"We are officers," said Britz, forcing a lane through the crowd. "Who lives in there?"

"A woman named Strong," someone answered.

Britz pressed a finger firmly against a button set in the jamb of the door, and, in response to the insistent clamor of the bell, the door was opened by Muldoon. On seeing Britz he breathed a sigh of relief.

"Come on into the sitting-room," he said, closing the door on the curious crowd that pressed forward.

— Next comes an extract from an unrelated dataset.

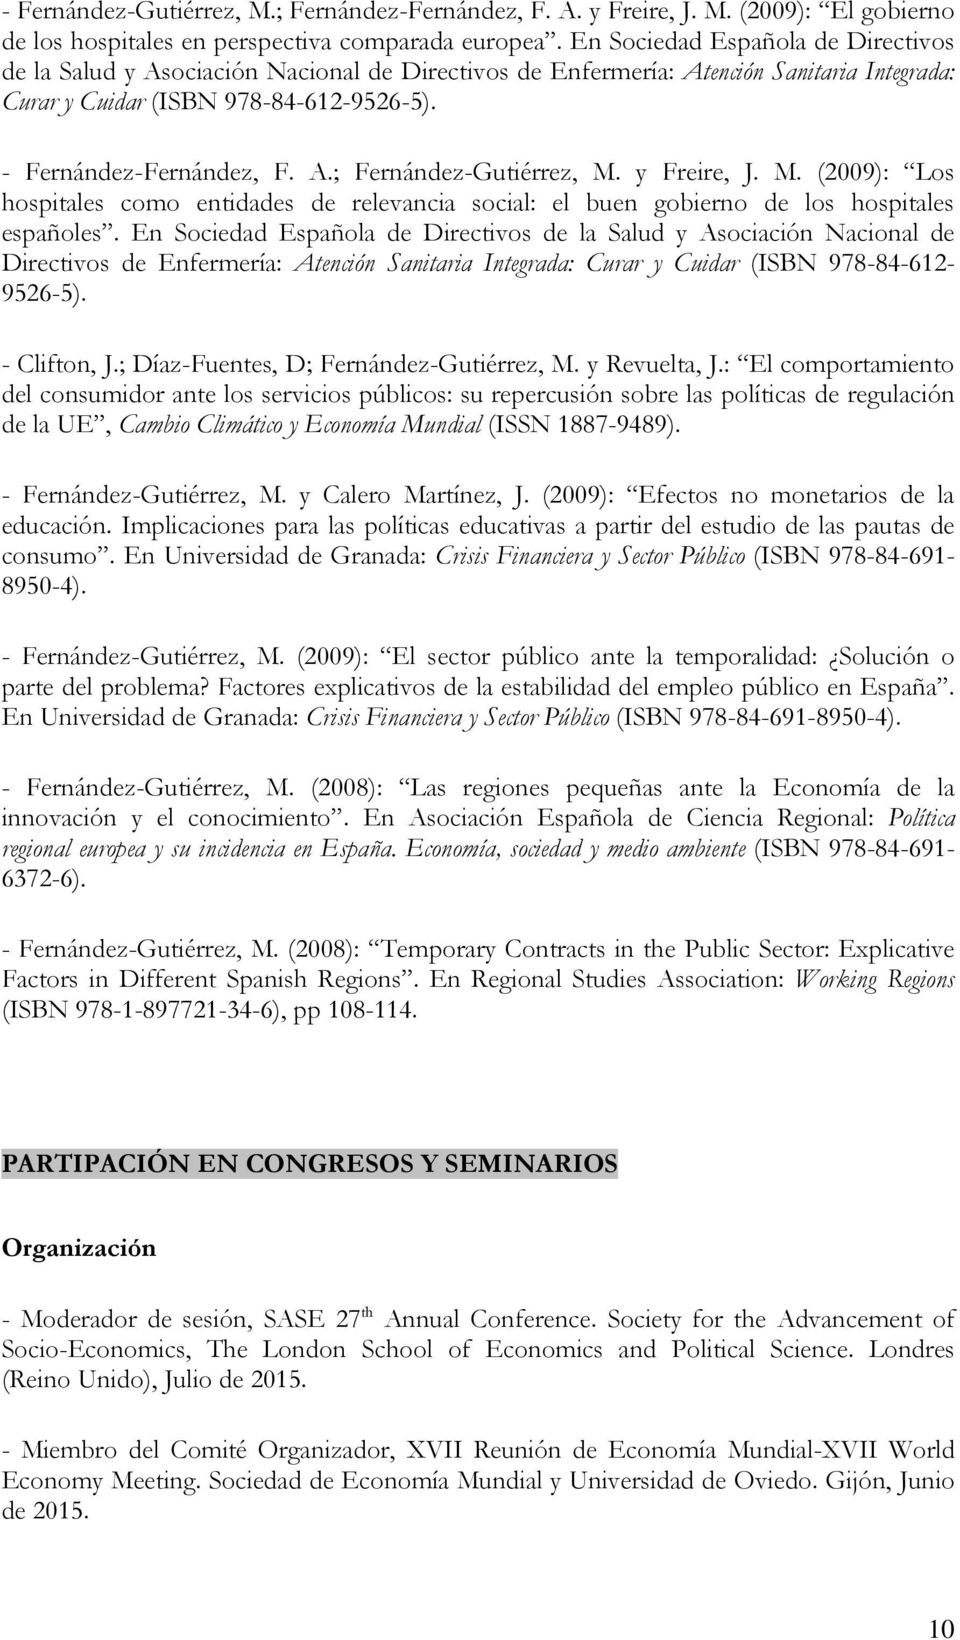 y Freire, J. M. (2009): Los hospitales como entidades de relevancia social: el buen gobierno de los hospitales españoles.

At the threshold of the sitting-room, their forms framed in the wide, curtained doorway, the two detectives stood, amazement printed on their faces. Greig's heart was throbbing violently and his breath came in short gasps. Britz, as he gazed on the unexpected sight that met his eyes, stood as one stupefied.

On a couch at the side of the room, her pale face a chalky white, her eyes staring rigidly, a thin line of blood dropping from the corner of her mouth, the woman they had come to see was stretched—dead.

And, standing over her like a statue of dumb despair, was the figure of Horace Beard.


CHAPTER VII

Britz recovered gradually from his astonishment. Advancing to the couch he examined the lifeless form of the woman, noting that the shot which killed her had entered the mouth and probably penetrated to the base of the skull. A small pearl-handled revolver gleamed ominously from the floor, about seven or eight feet from the lounge. Britz picked it up, examined it, then deposited it on a convenient table.